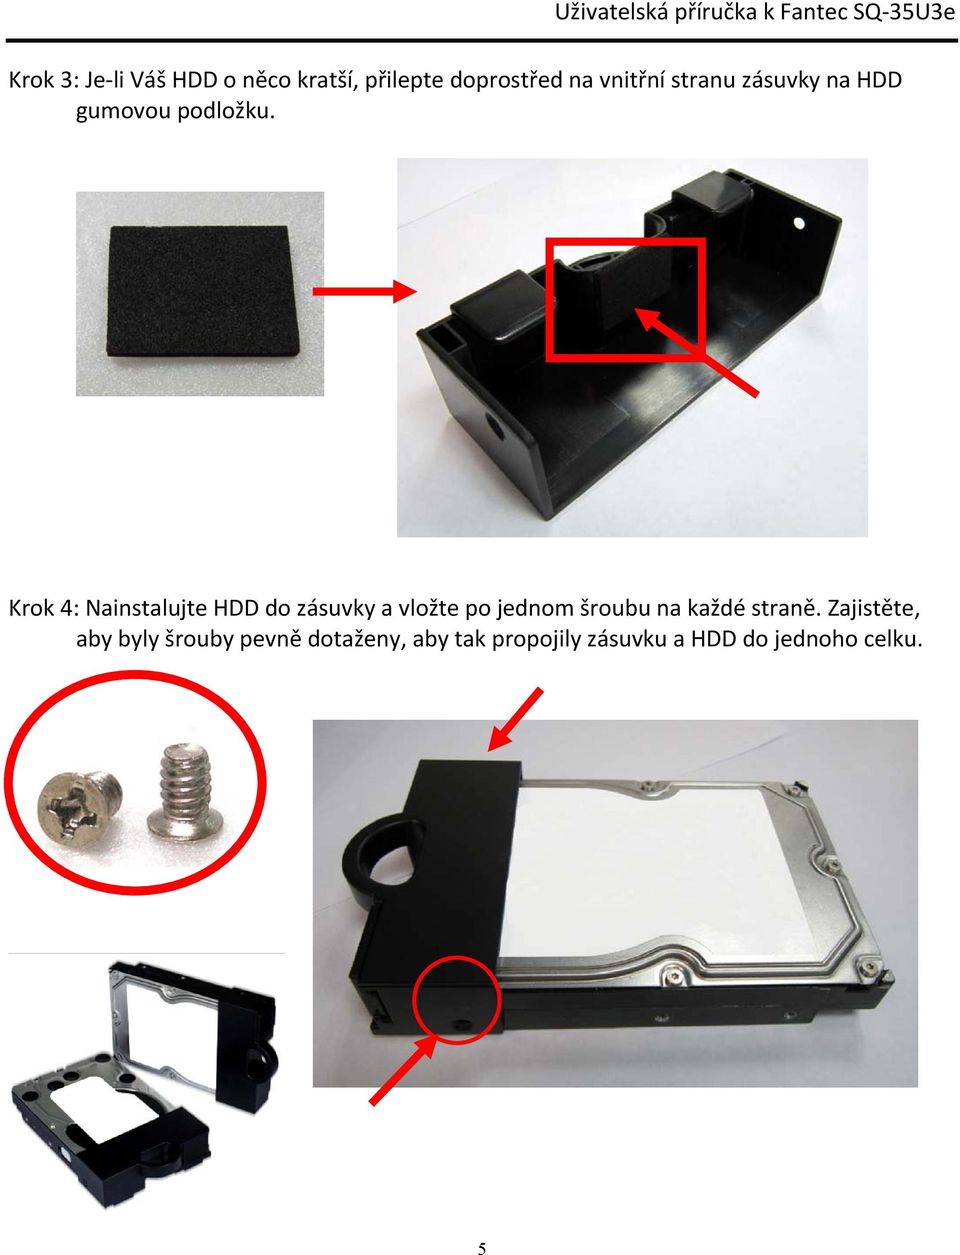 Krok 4: Nainstalujte HDD do zásuvky a vložte po jednom šroubu na každé
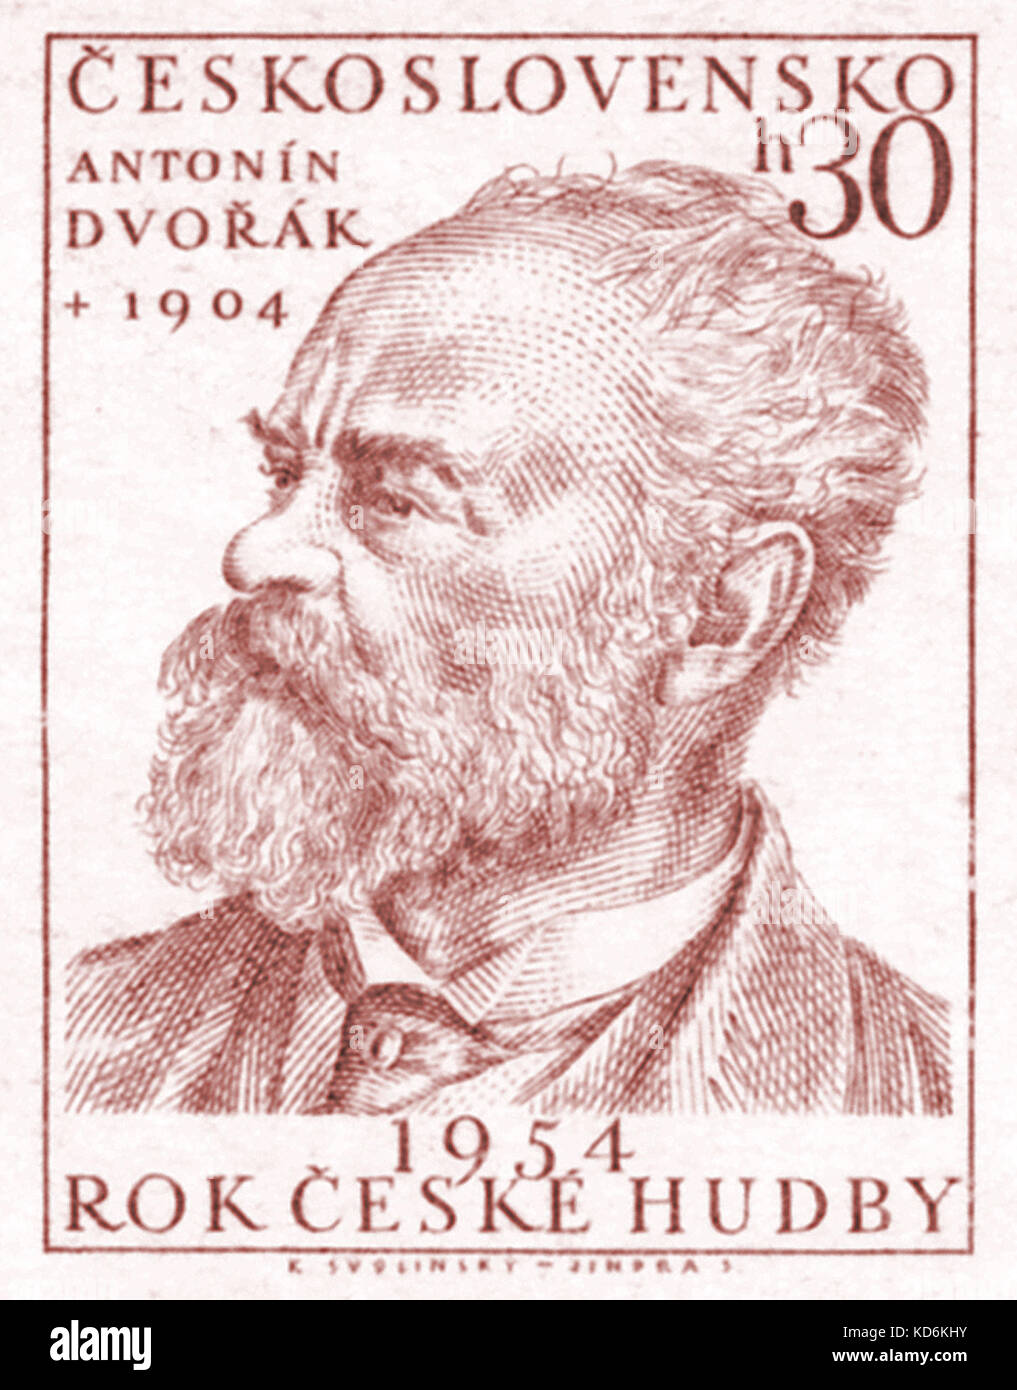 Portrait de Antonin Dvorak sur timbre tchèque célébrer 50e anniversaire de la mort de Dvorak, compositeur tchèque 8 septembre 1841- 1 er mai 1904 Banque D'Images
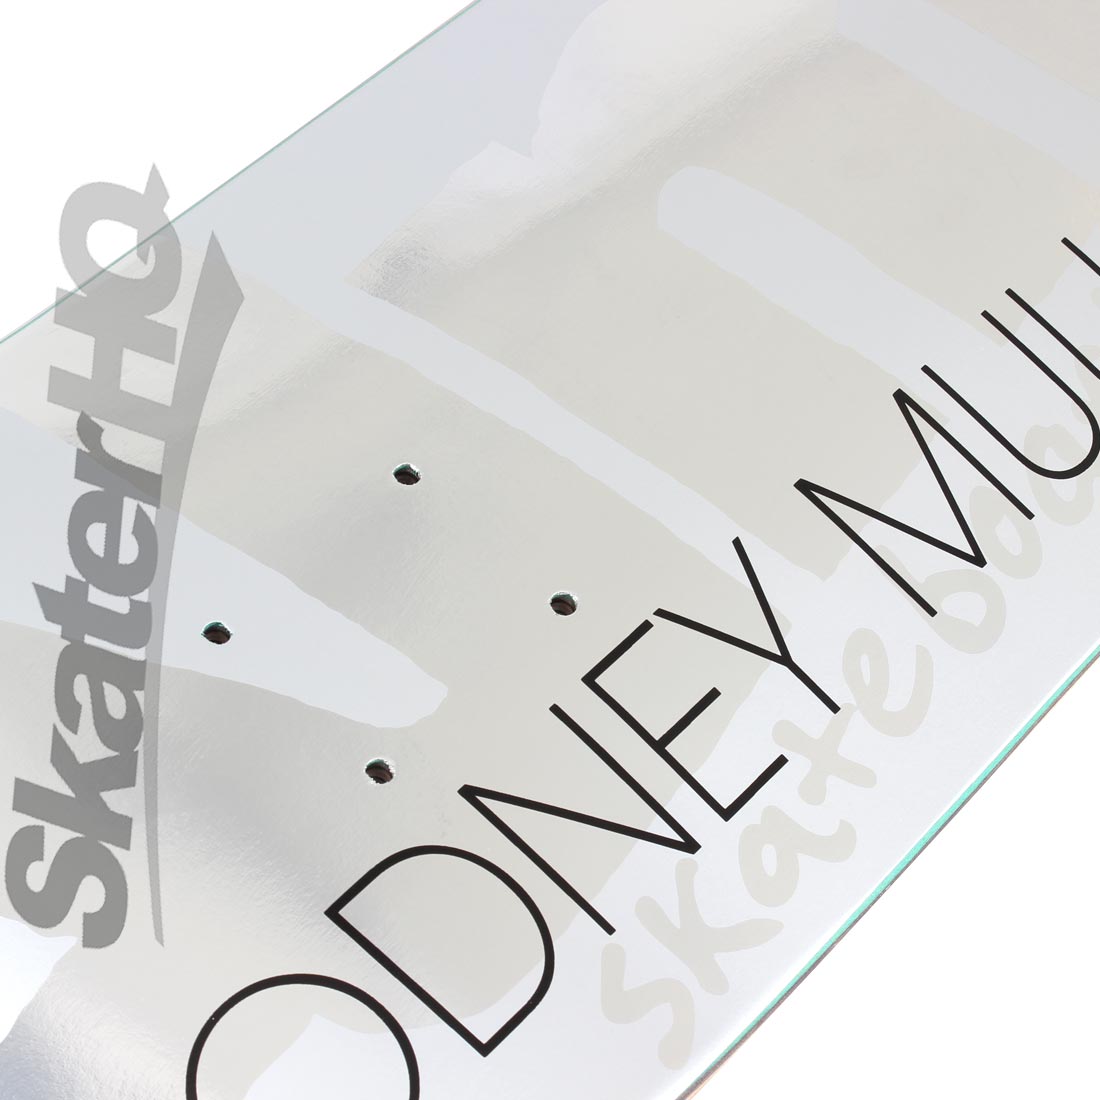 Almost Mullen Uber Silver Ops 8.0 Deck Skateboard Decks Modern Street
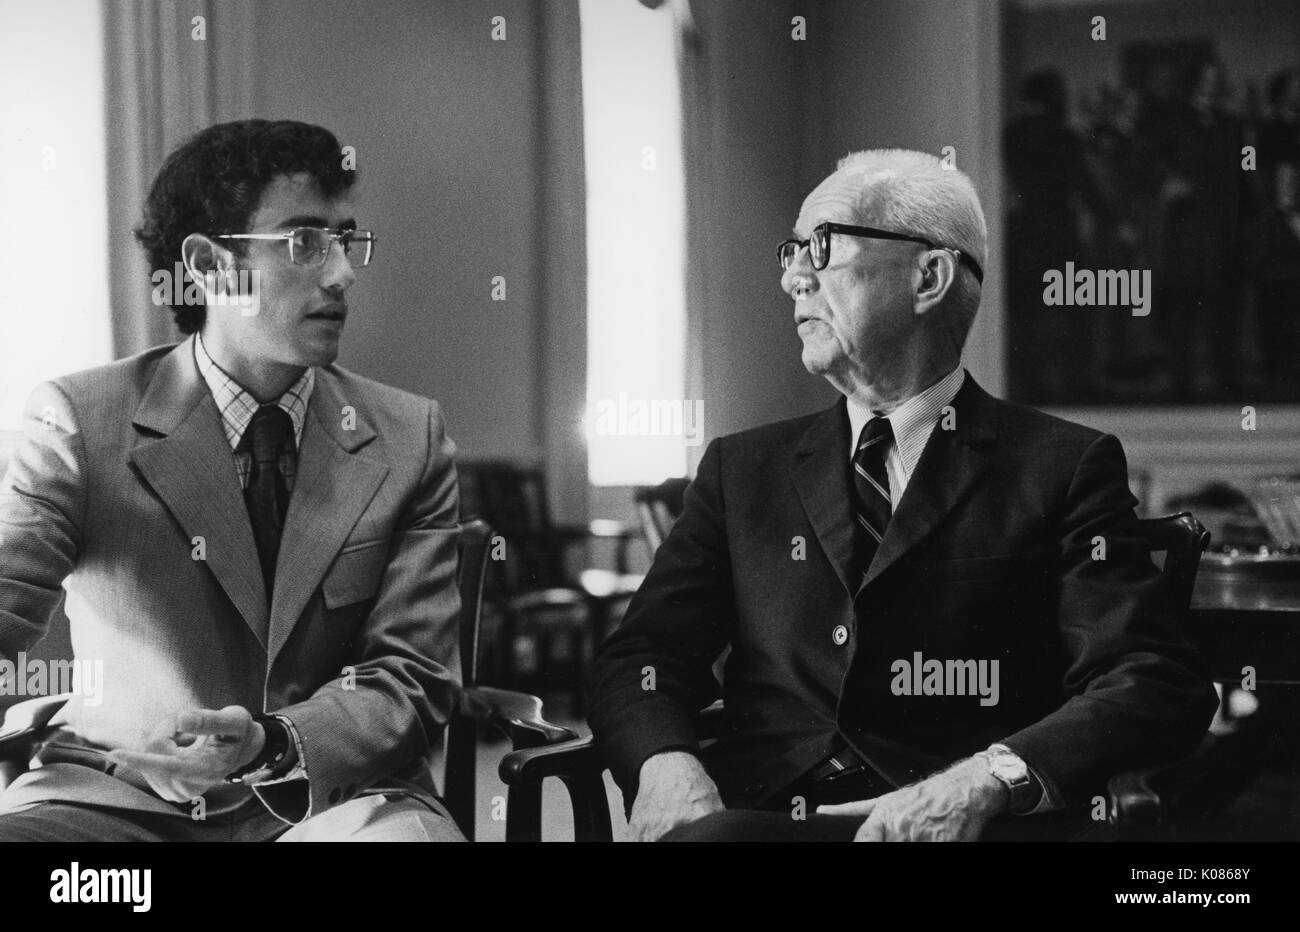 Brustbild des Architekten Buckminster Fuller spricht mit einem anderen Mann, voller trug einen dunklen Anzug mit weißem Hemd und eine gestreifte Krawatte, Brillen, in einem hölzernen Stuhl sitzt und mit Blick auf den anderen Mann, 1970. Stockfoto
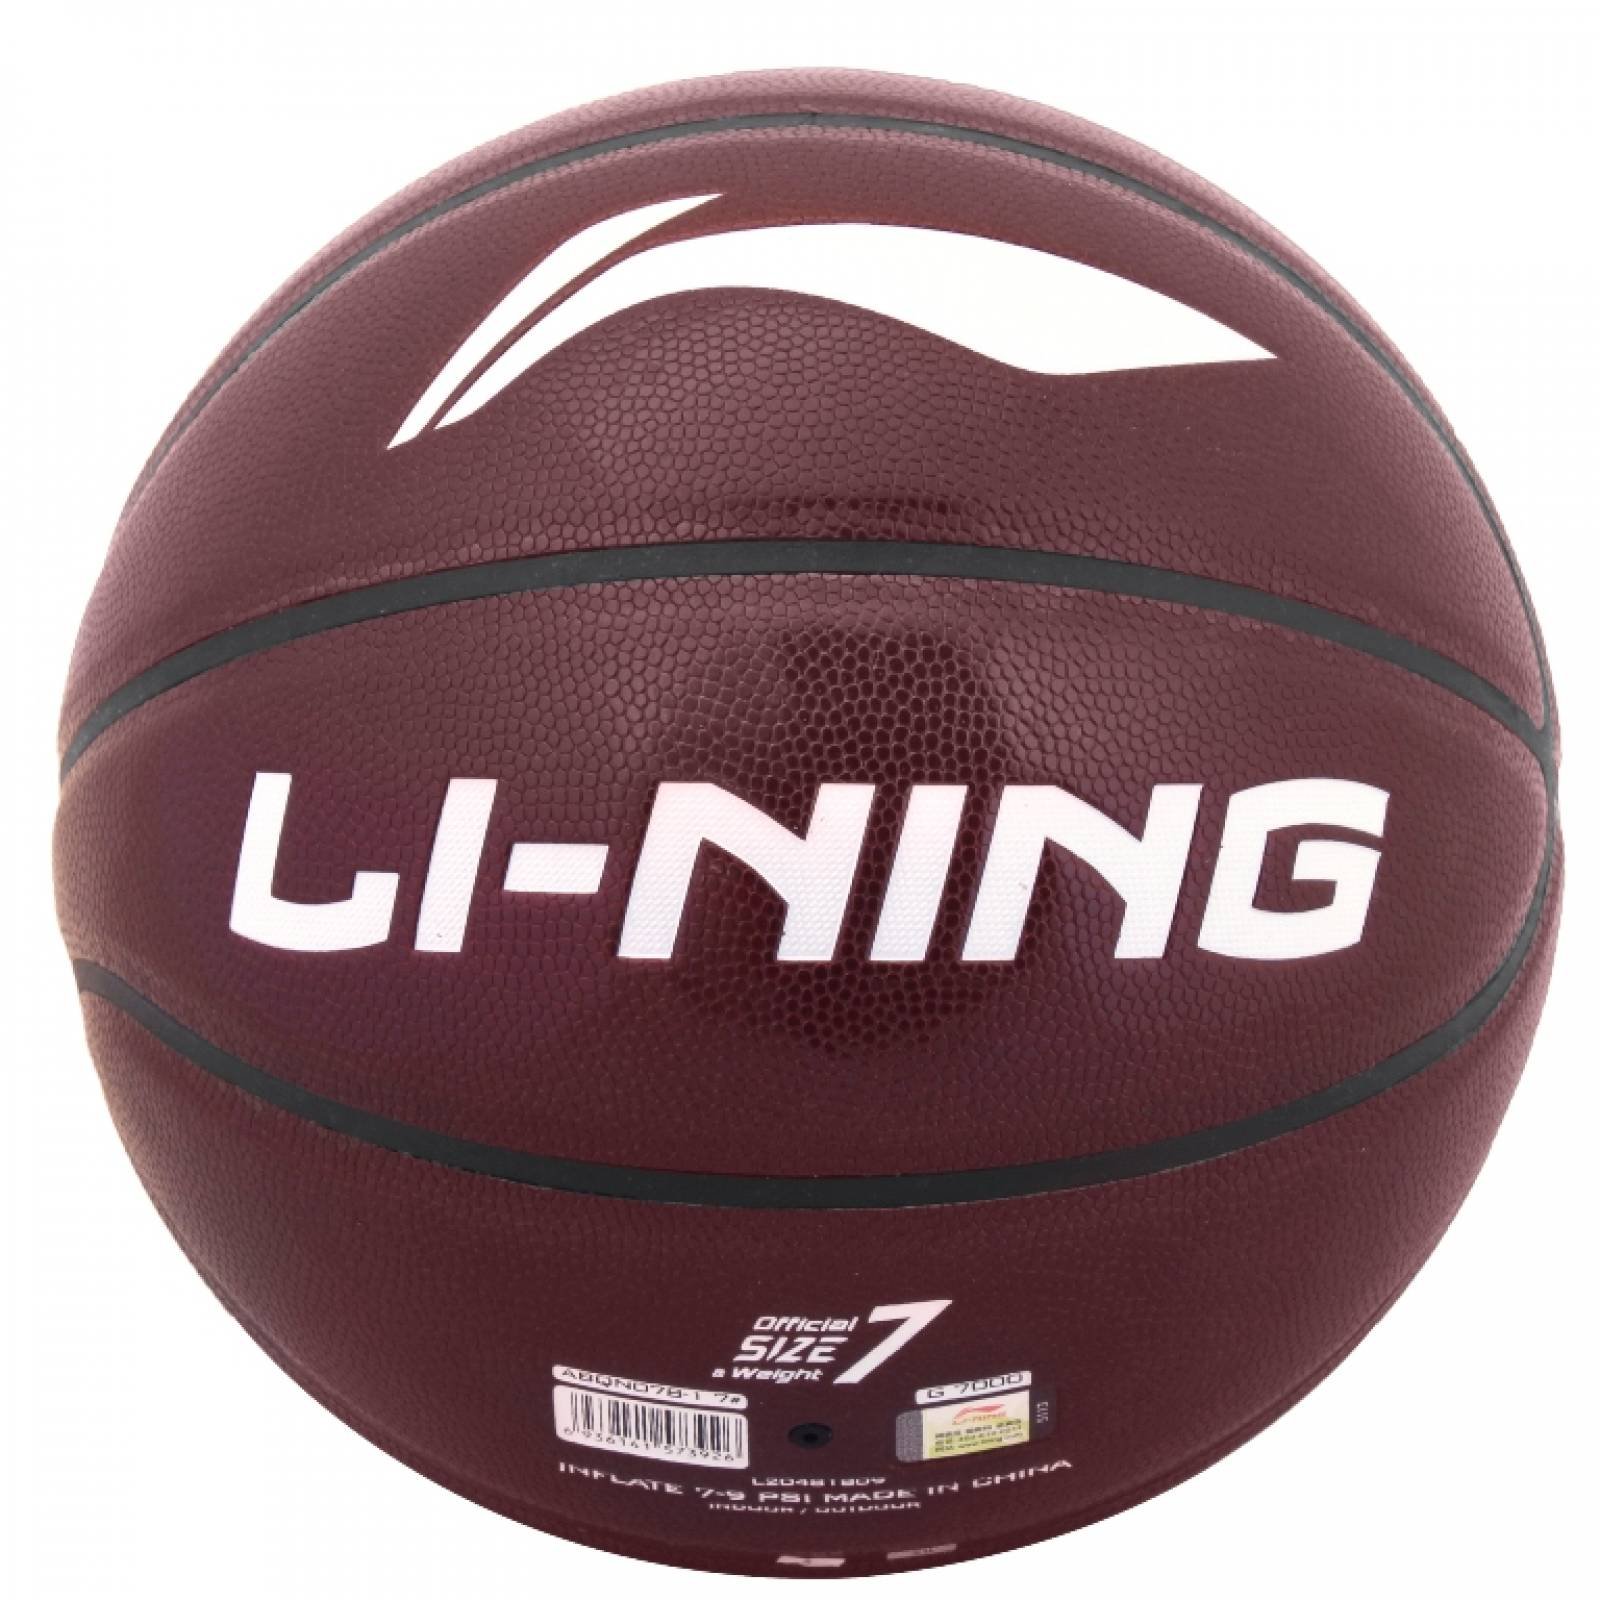 Balon de Basketball Li-Ning ABQN078-1 color Café Unisex

::::::::::

_TASK ITEM_
Print out the whole of the material word for word, without pictures.

_REPLY TO THE TASK_
 Krok 4: Nainstalujte HDD do zásuvky a vložte po jednom šroubu na každé
 Portrait de Antonin Dvorak sur timbre tchèque célébrer 50e anniversaire de la mort de Dvorak, compositeur tchèque 8 septembre 1841- 1 er mai 1904 Banque D'Images
 Almost Mullen Uber Silver Ops 8.0 Deck Skateboard Decks Modern Street
 Brustbild des Architekten Buckminster Fuller spricht mit einem anderen Mann, voller trug einen dunklen Anzug mit weißem Hemd und eine gestreifte Krawatte, Brillen, in einem hölzernen Stuhl sitzt und mit Blick auf den anderen Mann, 1970. Stockfoto
 Balon de Basketball Li-Ning ABQN078-1 color Café Unisex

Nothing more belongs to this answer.